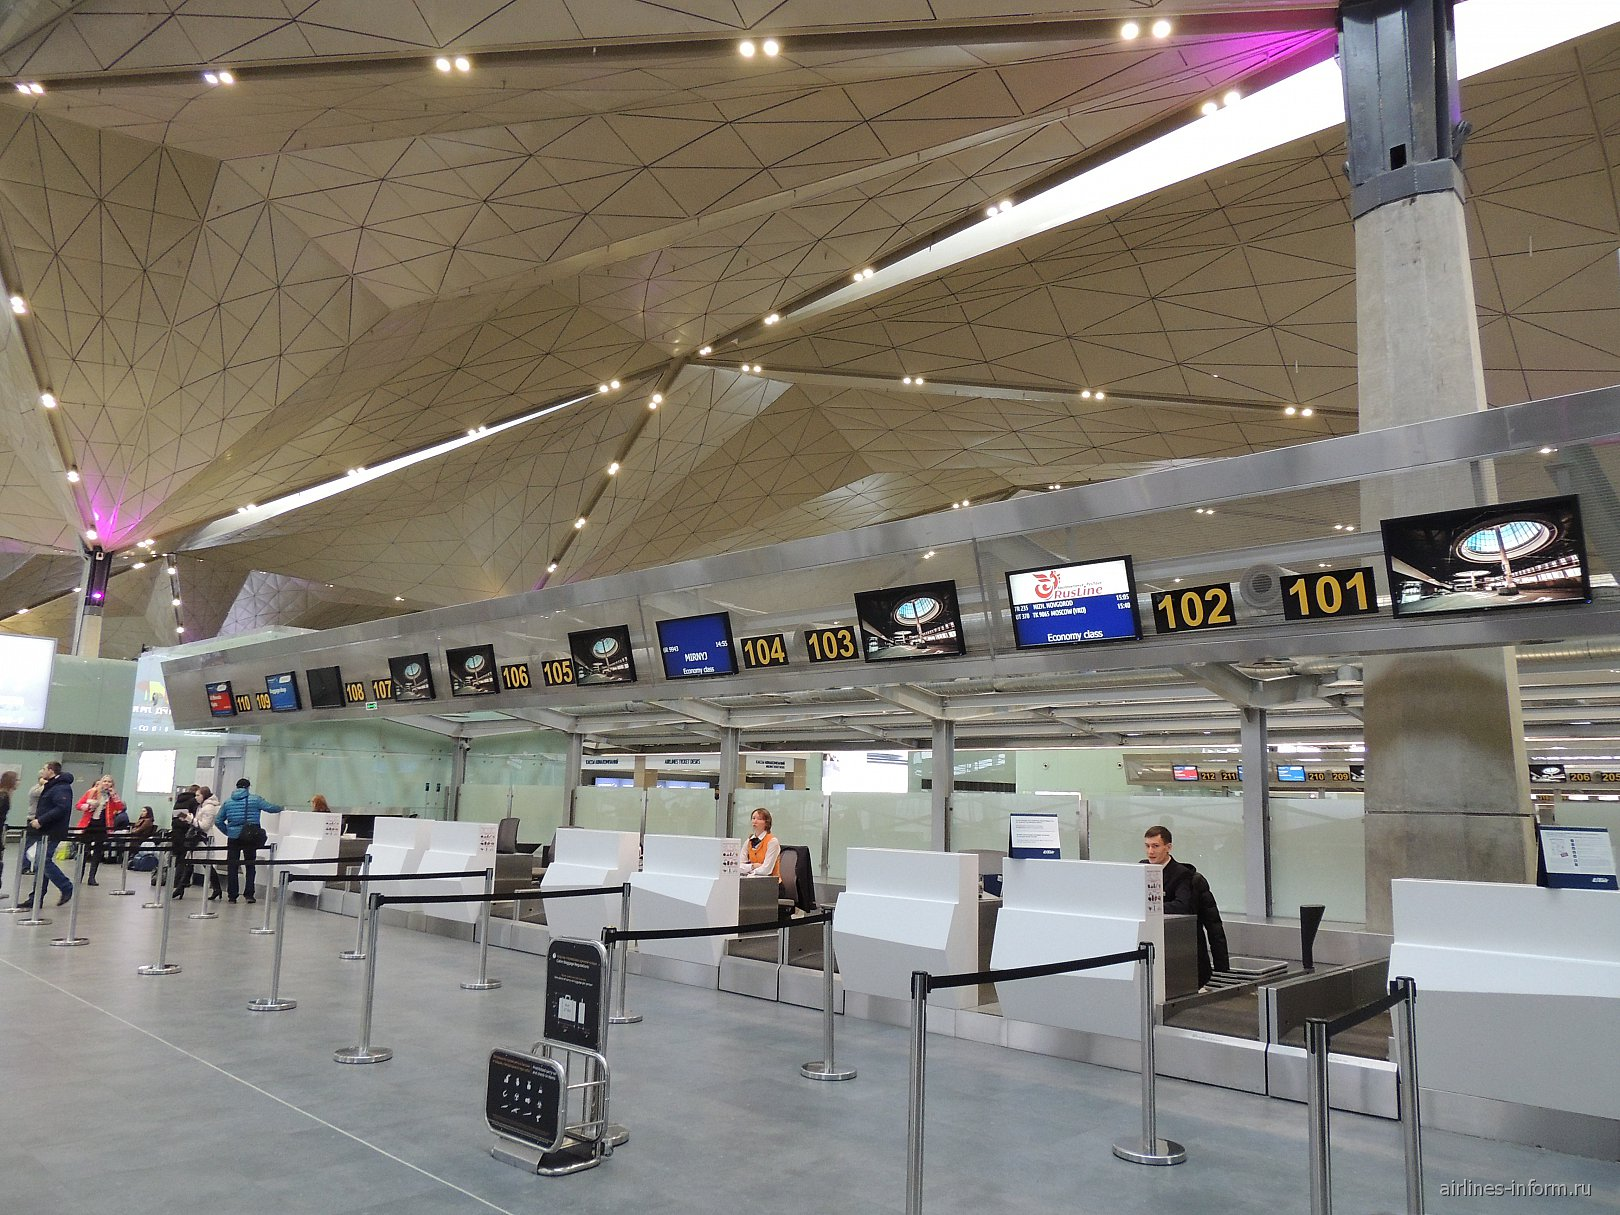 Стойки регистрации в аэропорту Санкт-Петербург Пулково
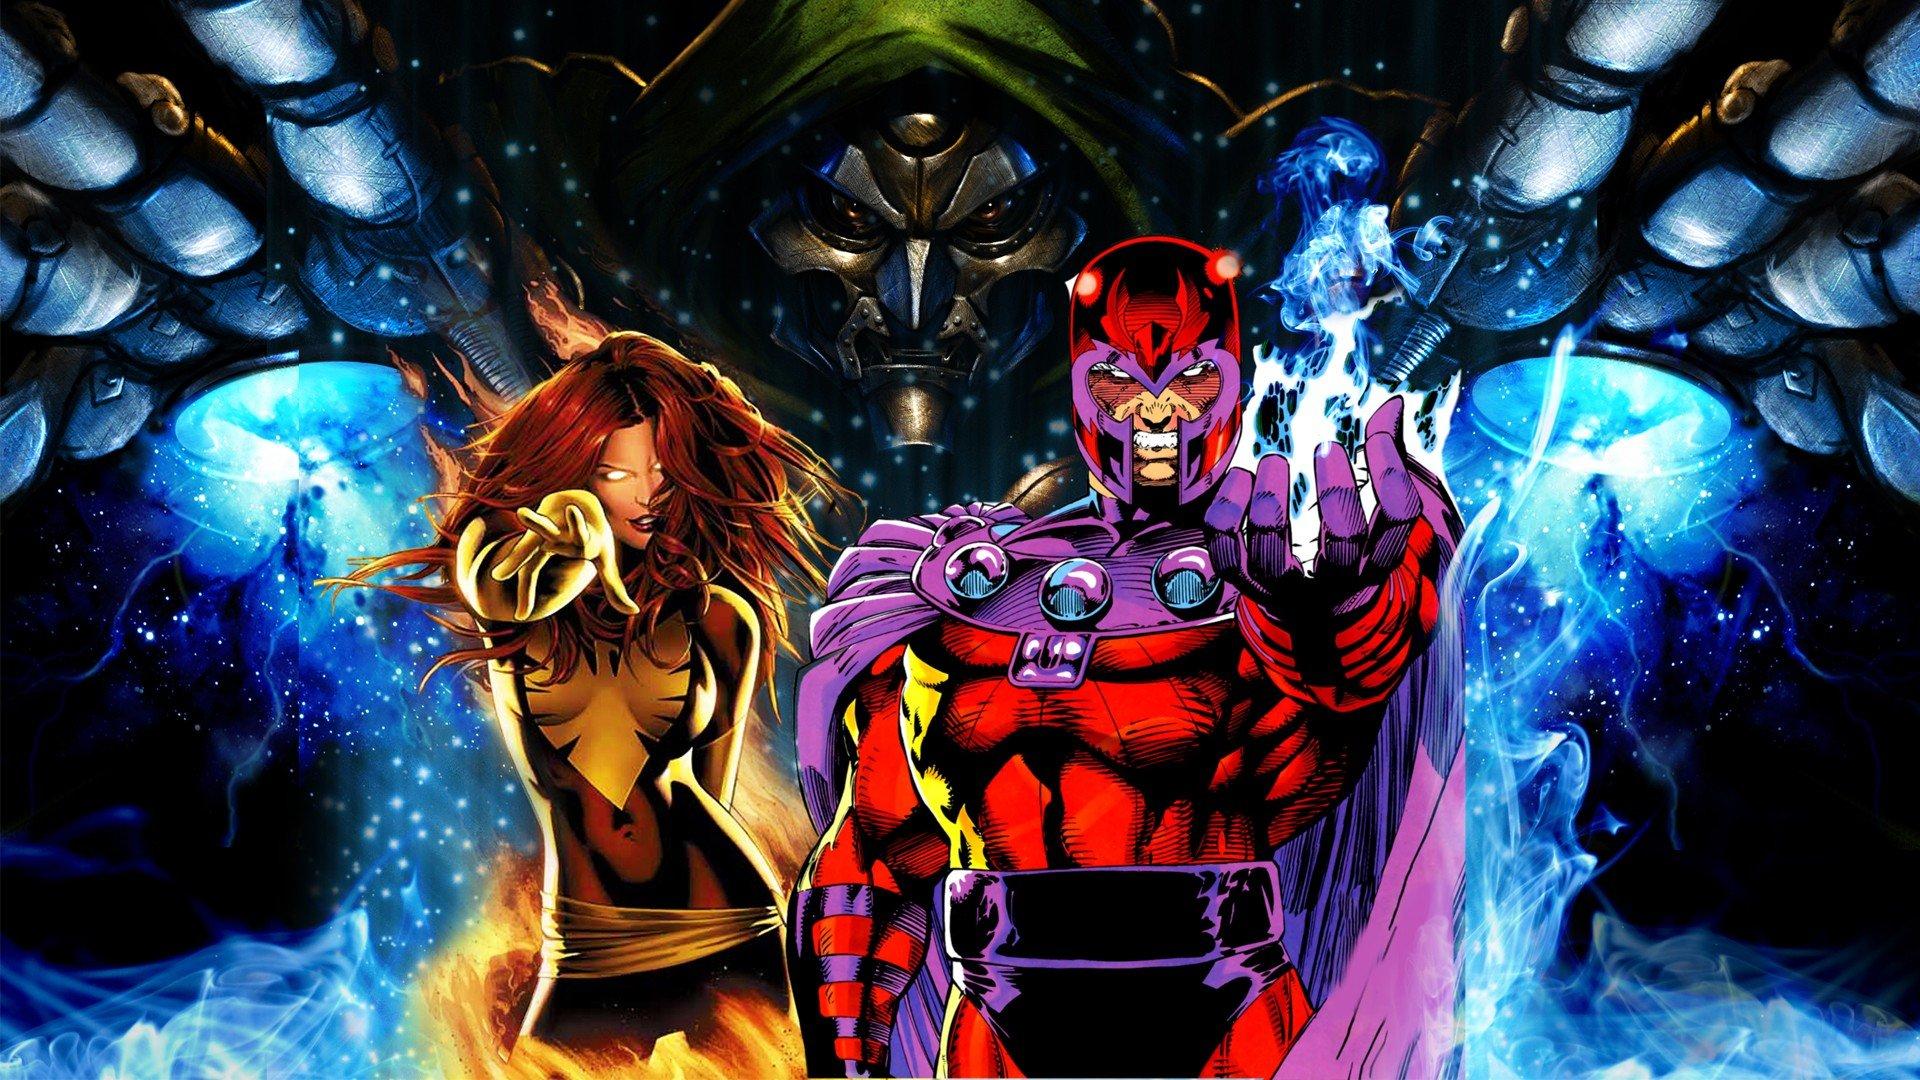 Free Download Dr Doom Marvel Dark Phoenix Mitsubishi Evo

-------

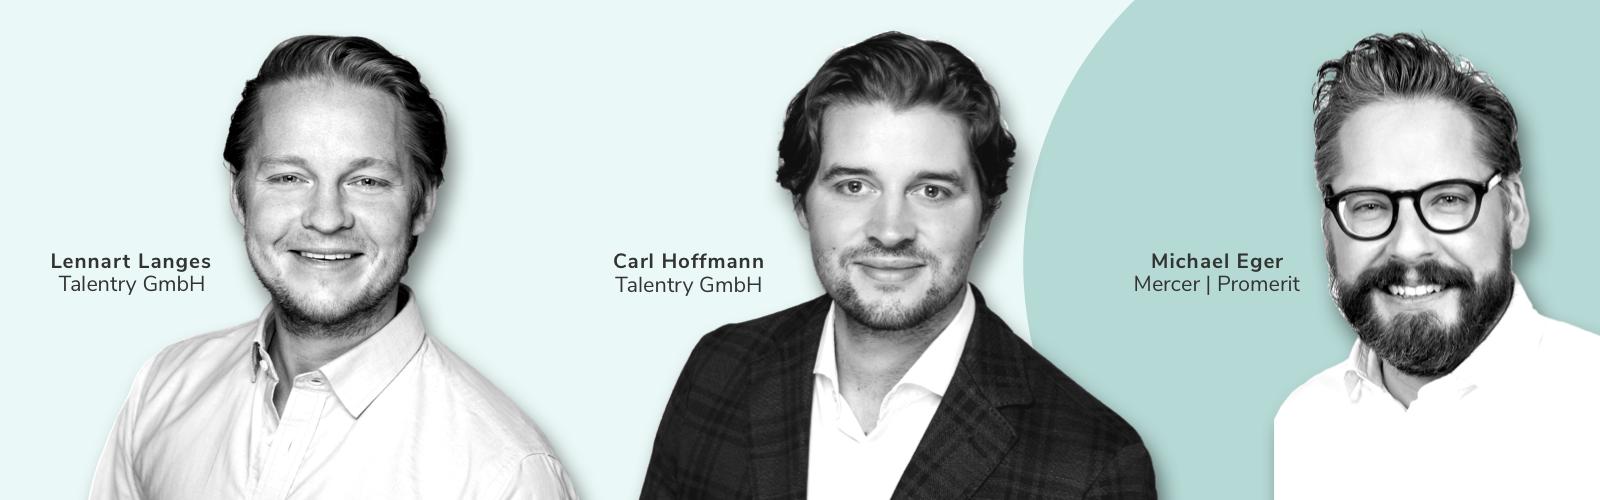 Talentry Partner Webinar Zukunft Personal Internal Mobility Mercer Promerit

-------

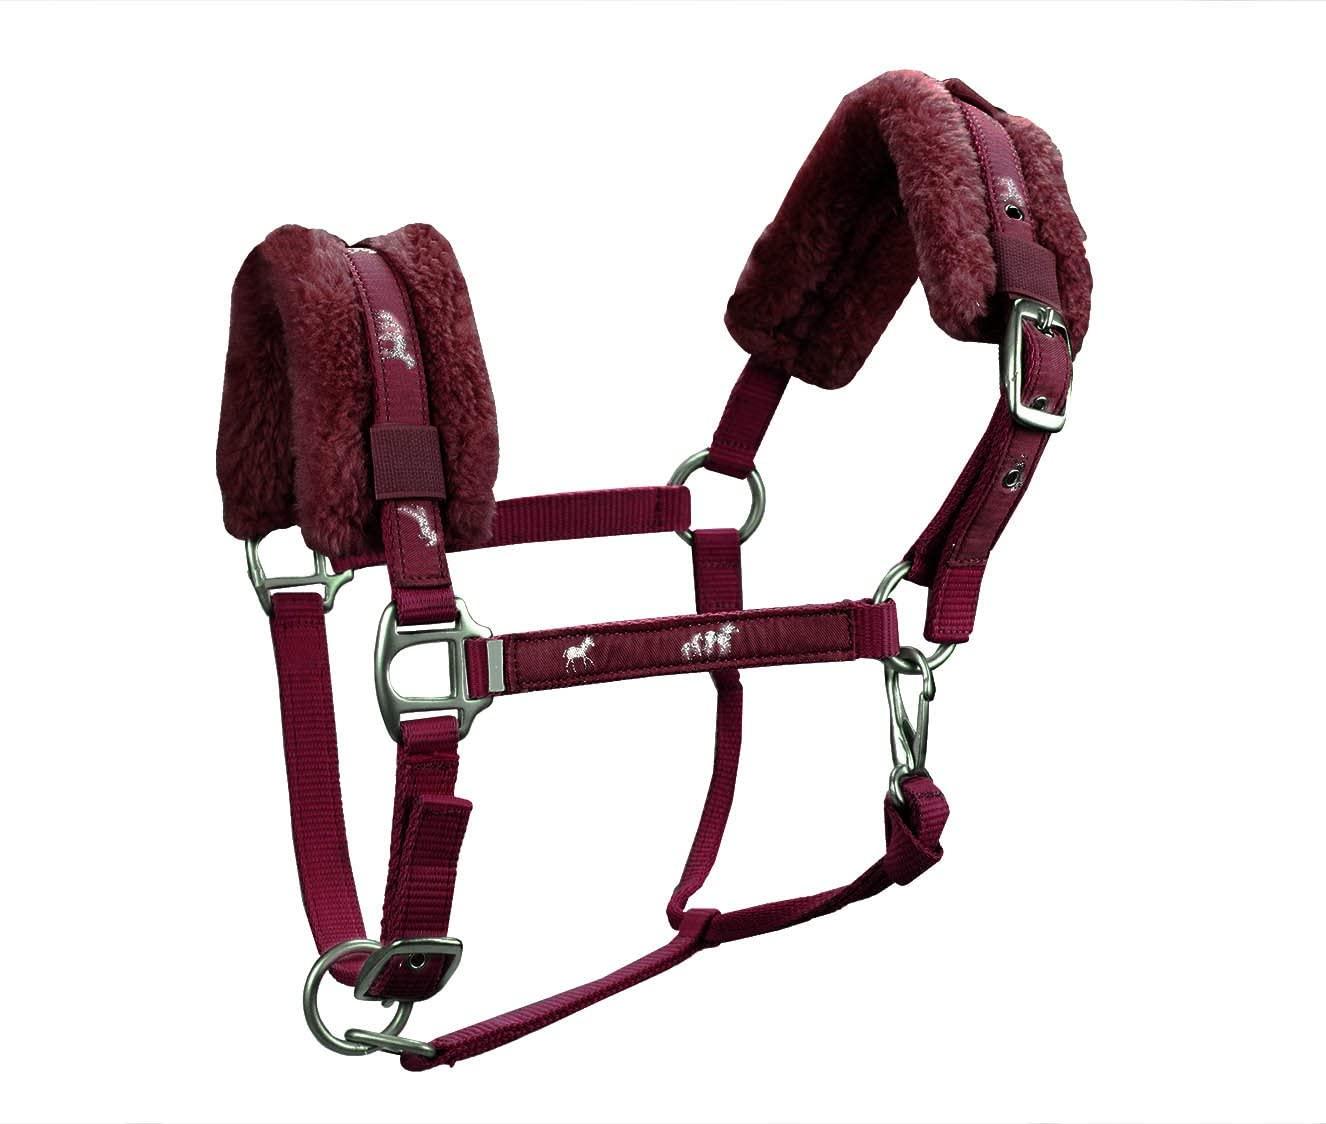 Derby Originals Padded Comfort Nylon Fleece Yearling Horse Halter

-------

* [What you are asked to do]:
Print from the line containing "Стойки регистрации в" through the line containing "Free Download Dr" in the data above, exactly as the lines stand, and omit every picture.

* [Solution for this exercise]:
 Стойки регистрации в аэропорту Санкт-Петербург Пулково
 Free Download Dr Doom Marvel Dark Phoenix Mitsubishi Evo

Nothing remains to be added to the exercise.